*Assignment:* Omit all pictures. Quote only the lines from the one with "UK 1 SHILLING" through the end of the material below.

*Data section:*
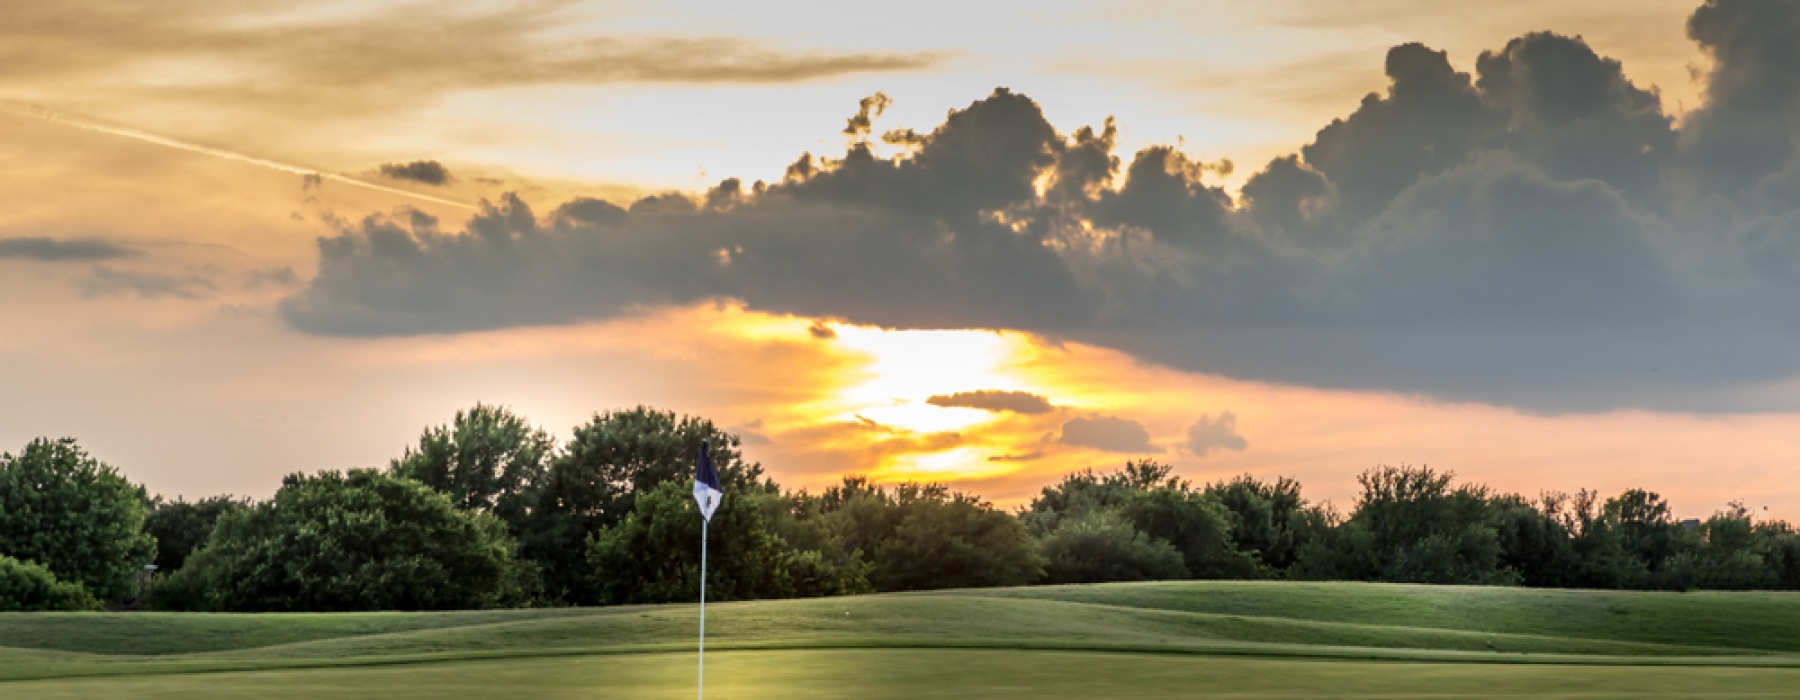 Frisco Texas Golfing PGA Course under the sun
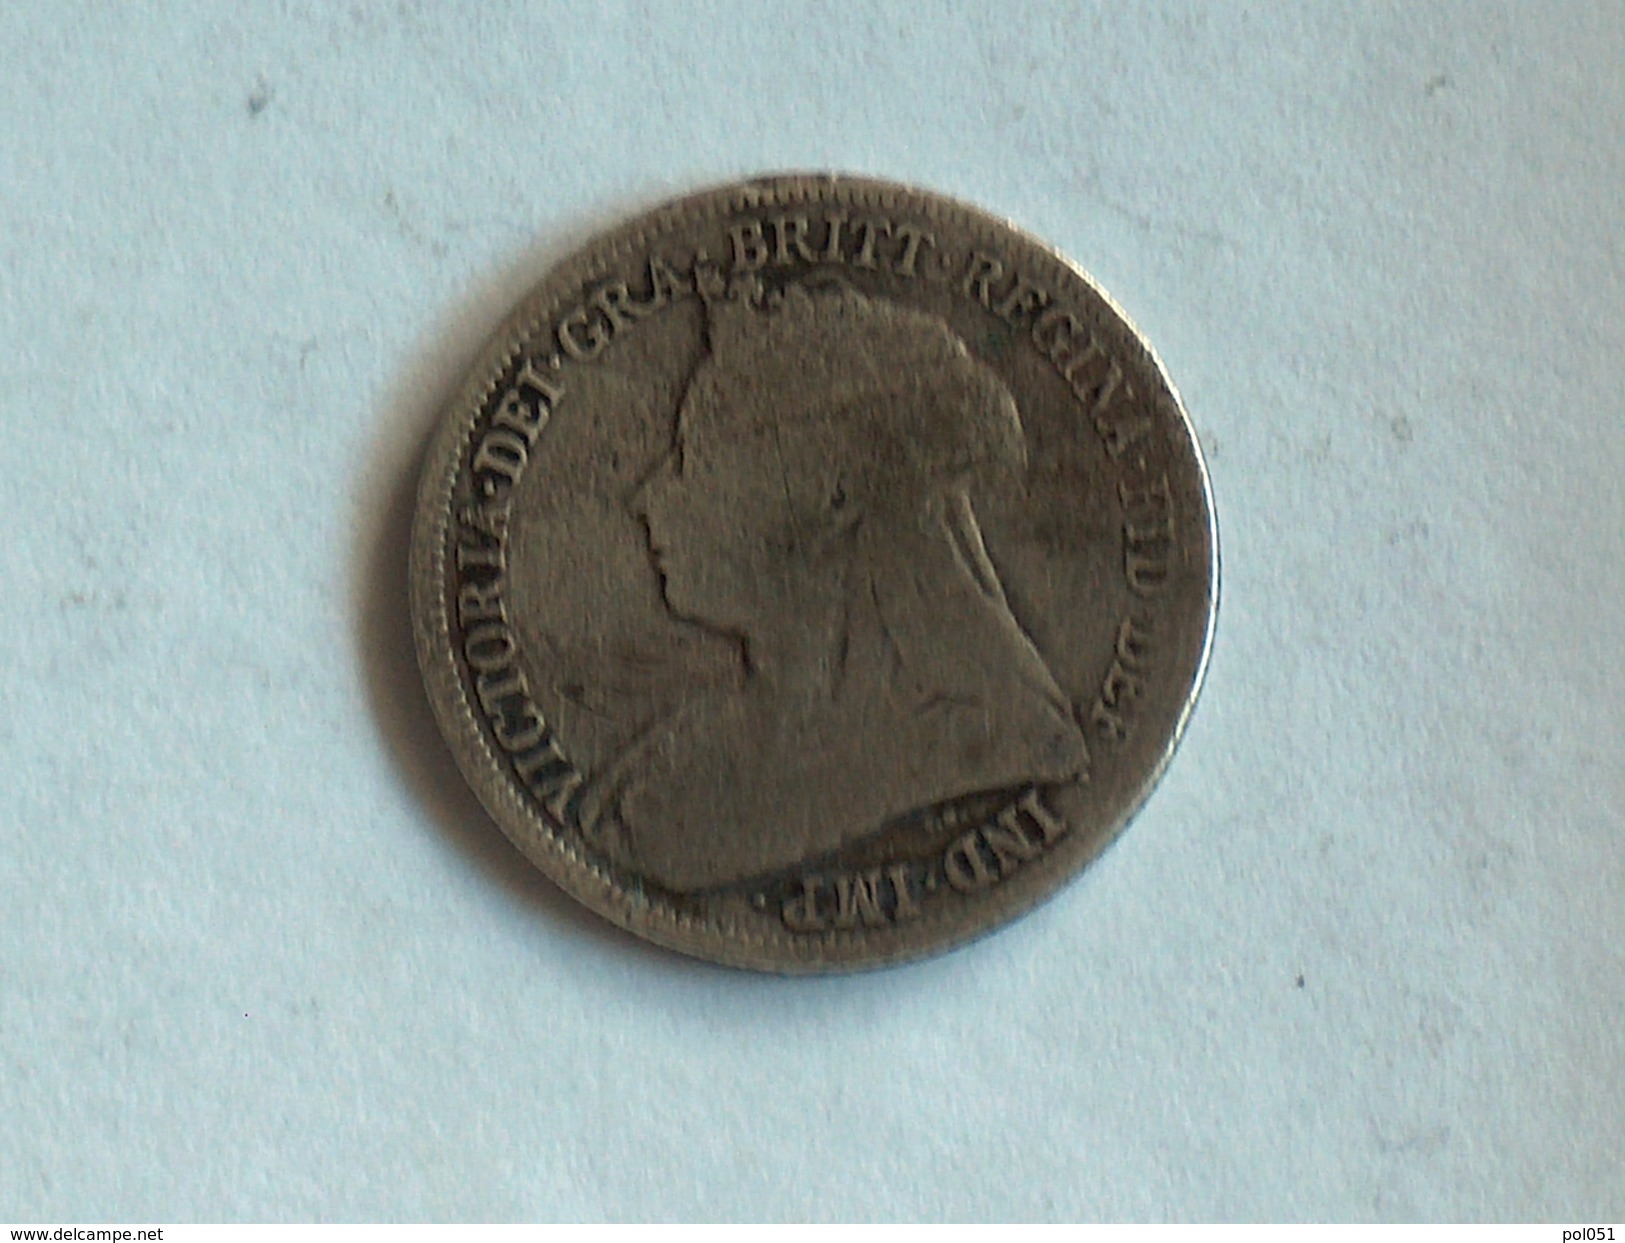 UK 1 SHILLING 1900 ONE GRANDE BRETAGNE Silver Argent - I. 1 Shilling
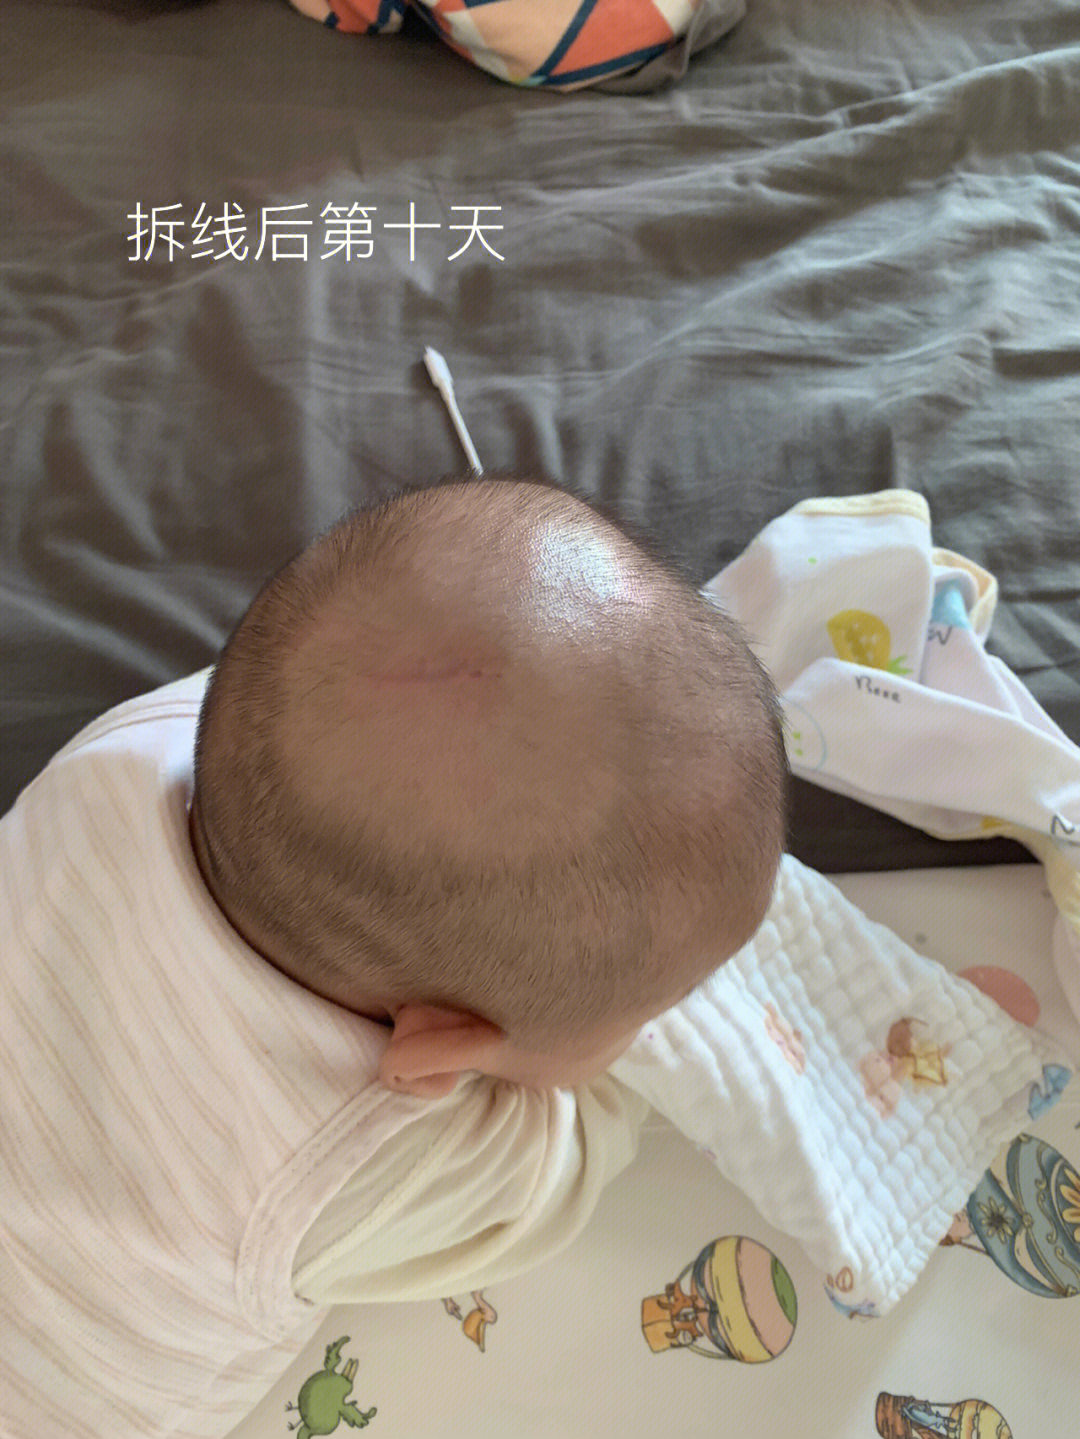 广东省内皮脂腺痣切除手术经验分享

*Completed task:*
 UK 1 SHILLING 1900 ONE GRANDE BRETAGNE Silver Argent - I. 1 Shilling
 广东省内皮脂腺痣切除手术经验分享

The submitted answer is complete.